Statistical analysis. Differences in the numbers of days of survival among the three storage temperatures were tested with the Wilcoxon rank sum test (2).

Results and discussion. All strains held at 4°C were successfully recovered with various intensities of growth after 90 days (Table 1). The shortest period during which heavy growth was observed was 4 days for the N. meningitidis serogroup B strain, while on average the other seven strains produced heavy growth until day 46 (range, 31 to 61 days). For all strains, moderate growth was observed until day 49 (average, 76; range, 49 to 90). Five of eight N. meningitidis strains produced moderate growth even after 90 days. When held at room temperature, all strains exhibited heavy growth for at least 4 days (range, 4 to 6), but moderate growth on average persisted until day 9 (range, 4 to 17). All strains survived with light growth for at least 10 days (average, 28, range, 10 to 49). When the swabs were kept alternately at 4°C and at room temperature all strains were recovered with heavy, moderate, or light growth for at least 4, 5, and 17 days, respectively (averages, 7, 12, and 40 days, respectively).

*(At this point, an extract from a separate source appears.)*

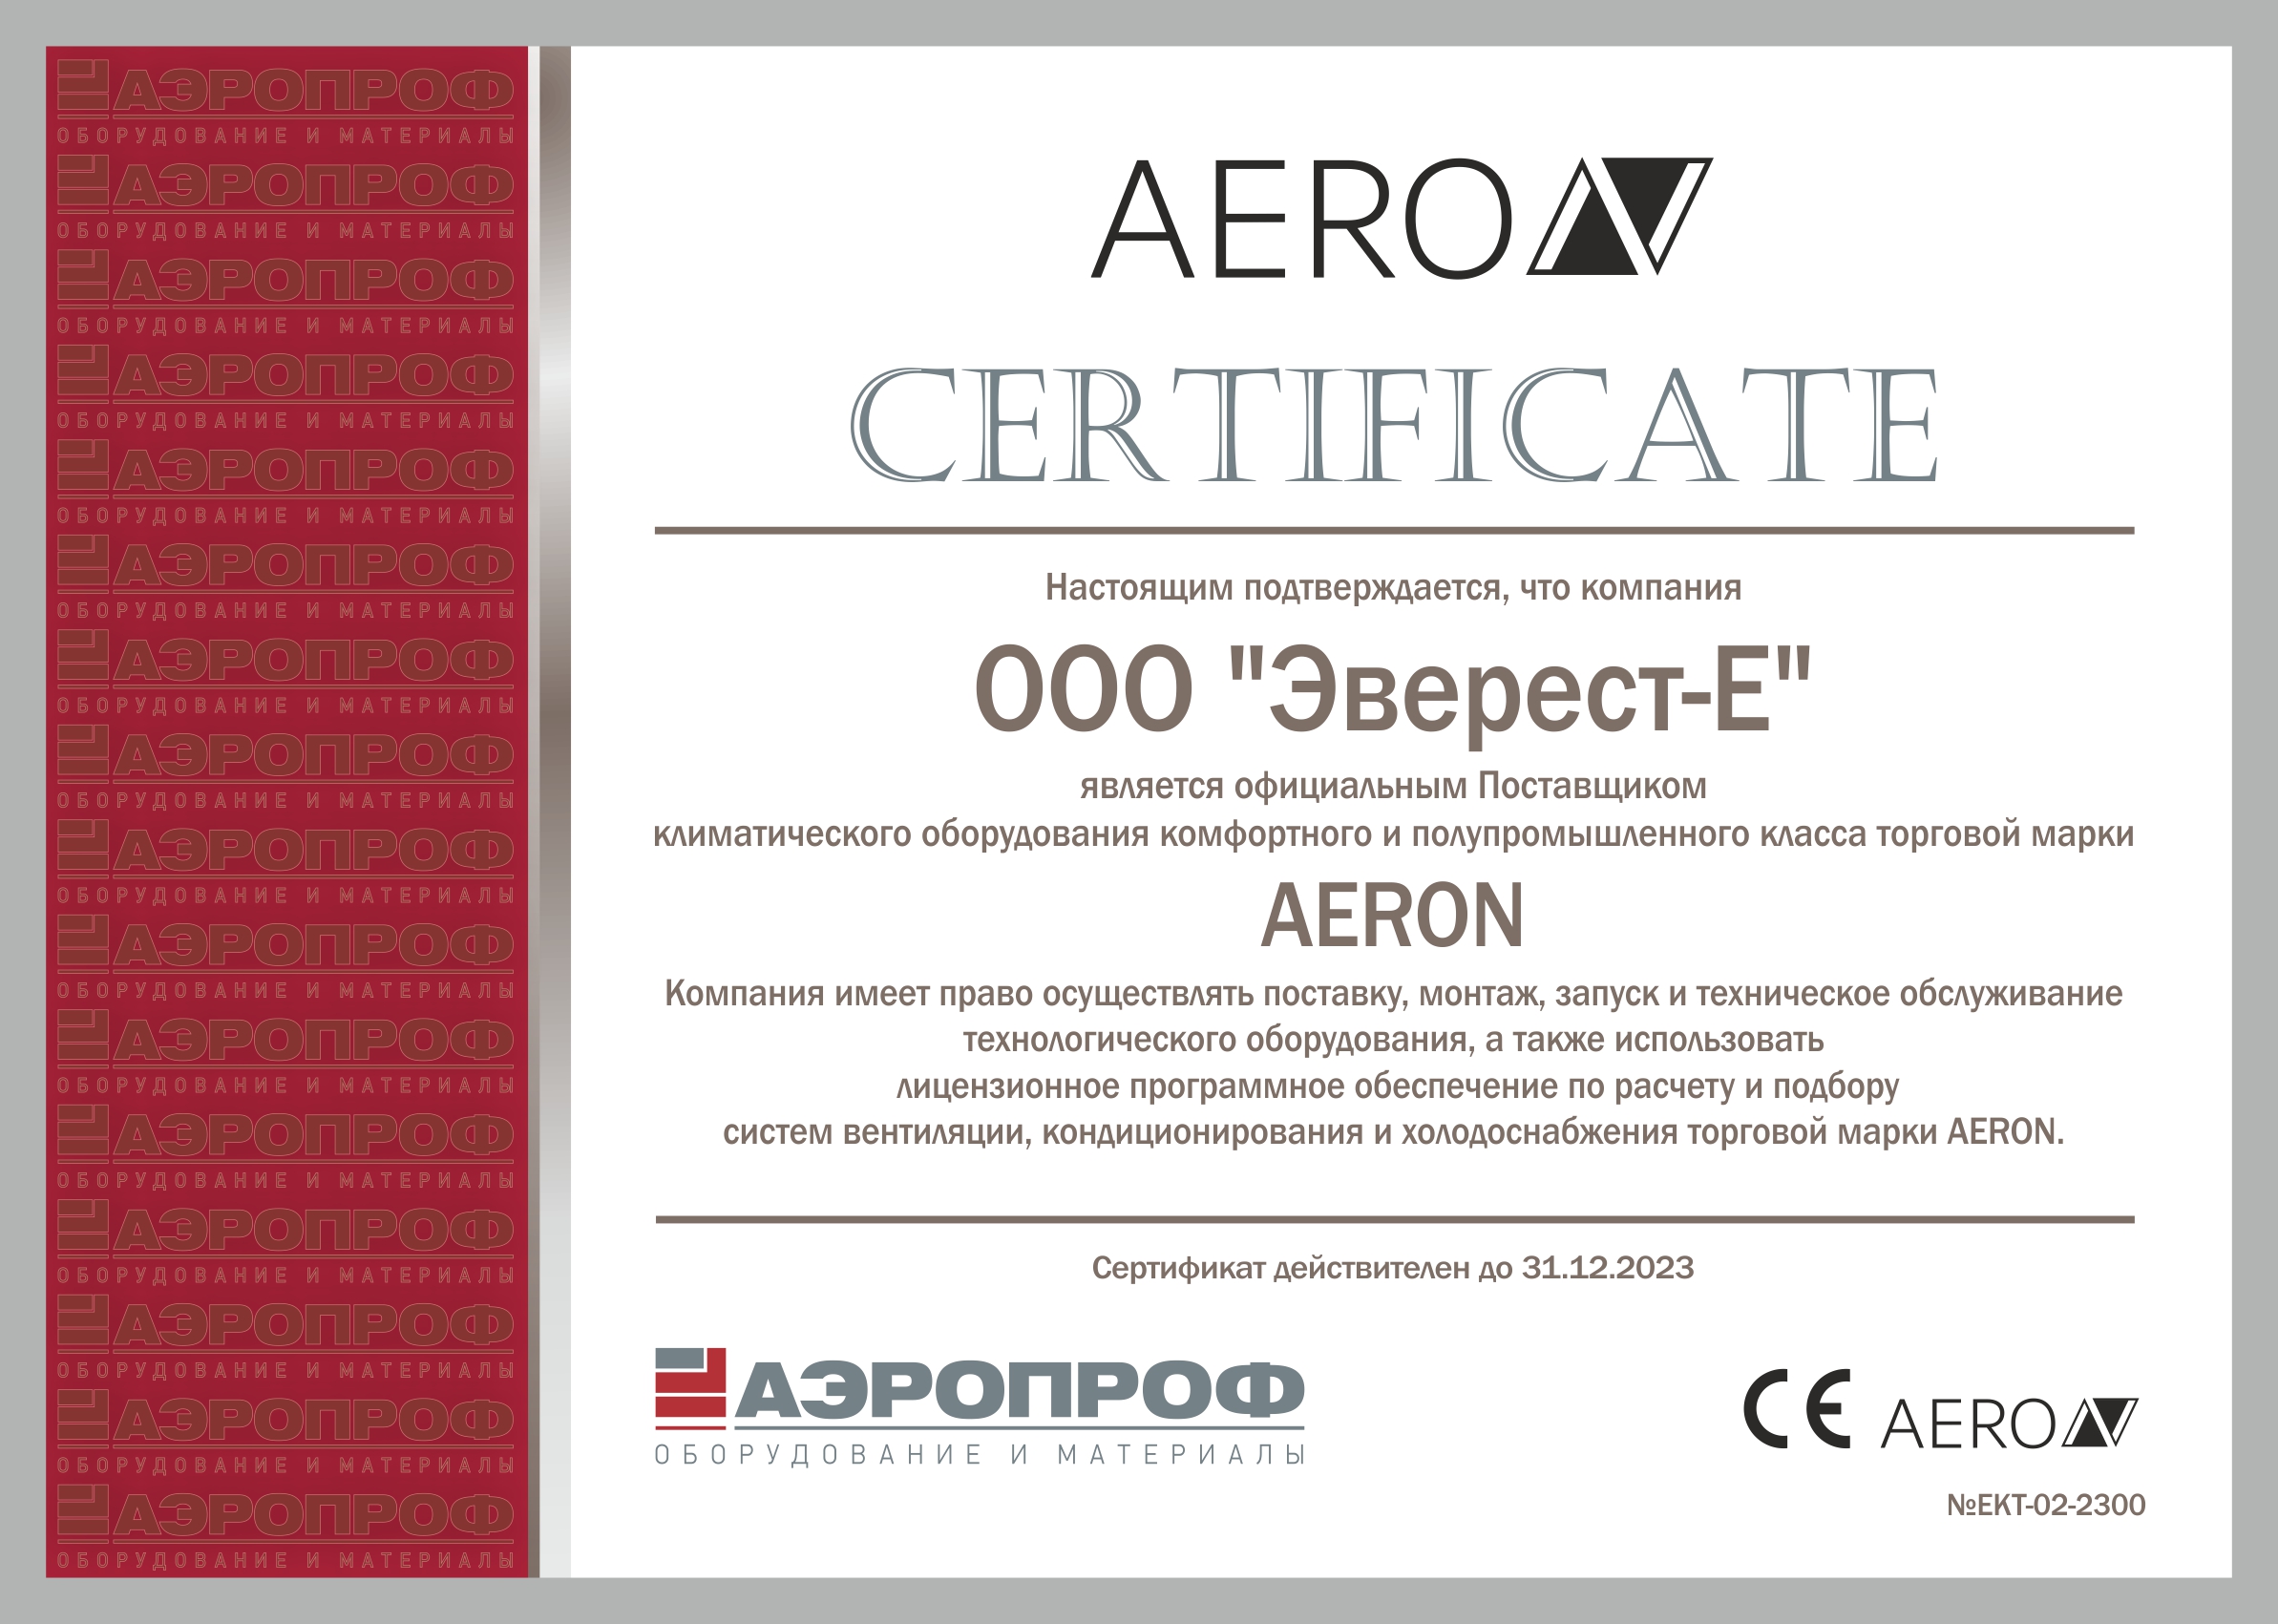 sert23-everest-aeron Kondicioner Aero ALRS-09IH3A-02/ALRS-09OH3A-02 kypit v Ekaterinbyrge v internet-magazine KlimatMarket96.ry Сертификат официального дилера
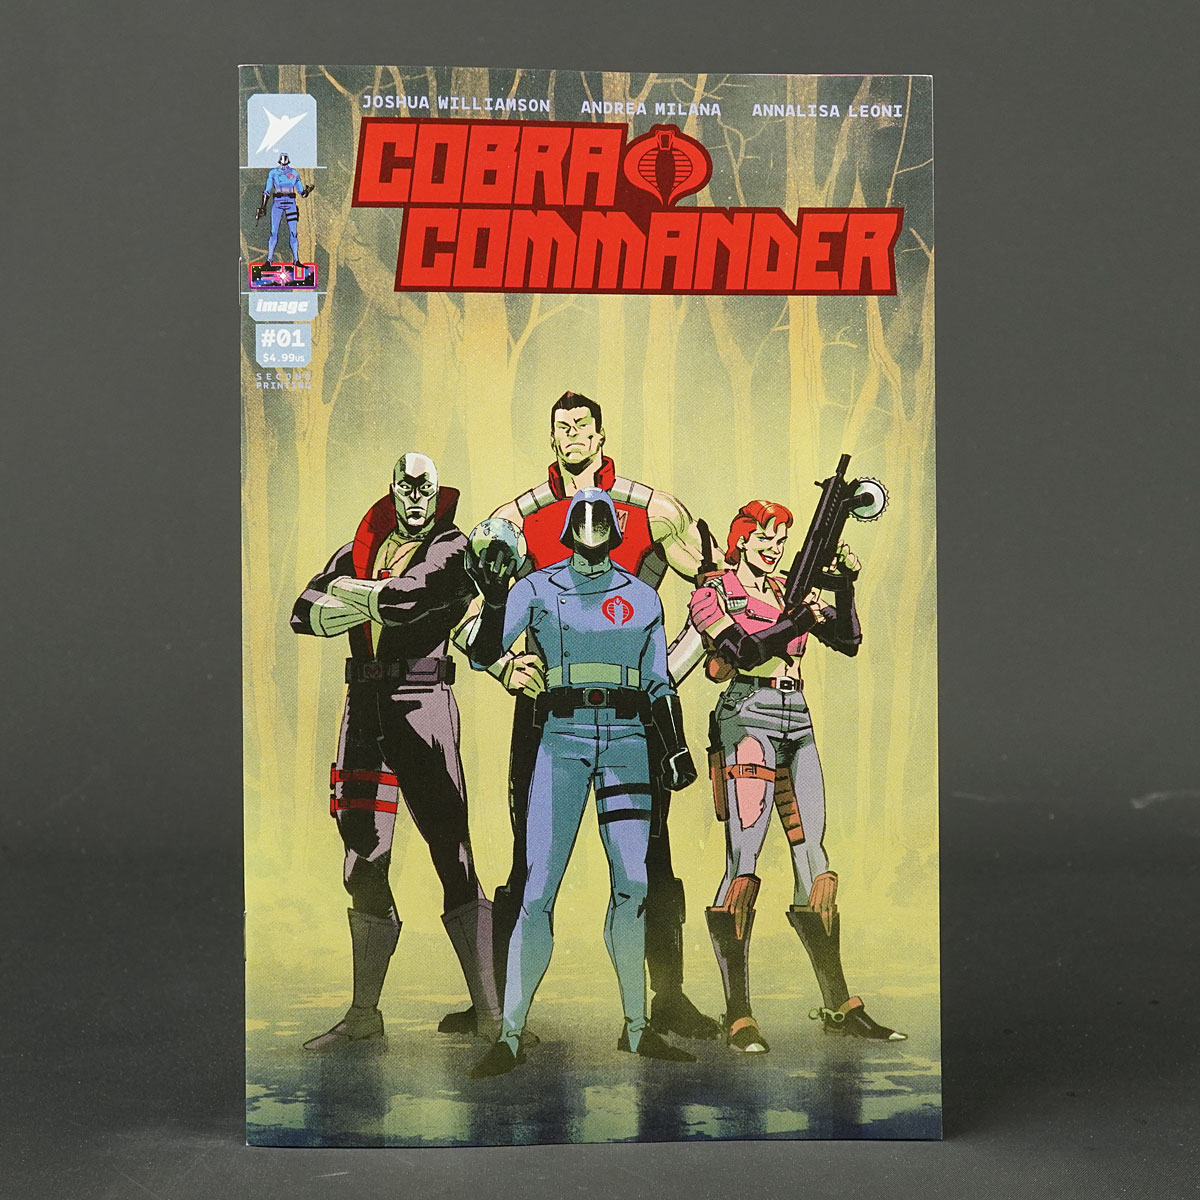 COBRA COMMANDER #1 2nd ptg Cvr C Image Comics 1223IM857 (CA) Milana

Conclusion. Transport and temporary storage of N. meningitidis strains have been difficult in the past. Chocolate agar slants and other media have been used, but survival time with these is limited. Trans-Isolate medium has been used for the transport of strains from Africa in surveillance and case control studies. However, contamination is often a problem with the use of this medium, particularly when cultures are transported by mail. In this study, we evaluated the use of SGPs as a possible alternative to chocolate agar slants and Trans-Isolate medium for the transport of N. meningitidis. The ability of strains to survive for a longer period in SGPs with little contamination should aid in carrying out field studies. SGPs also provide a simple and reliable means to transport isolates from remote areas to regional reference centers within developing countries.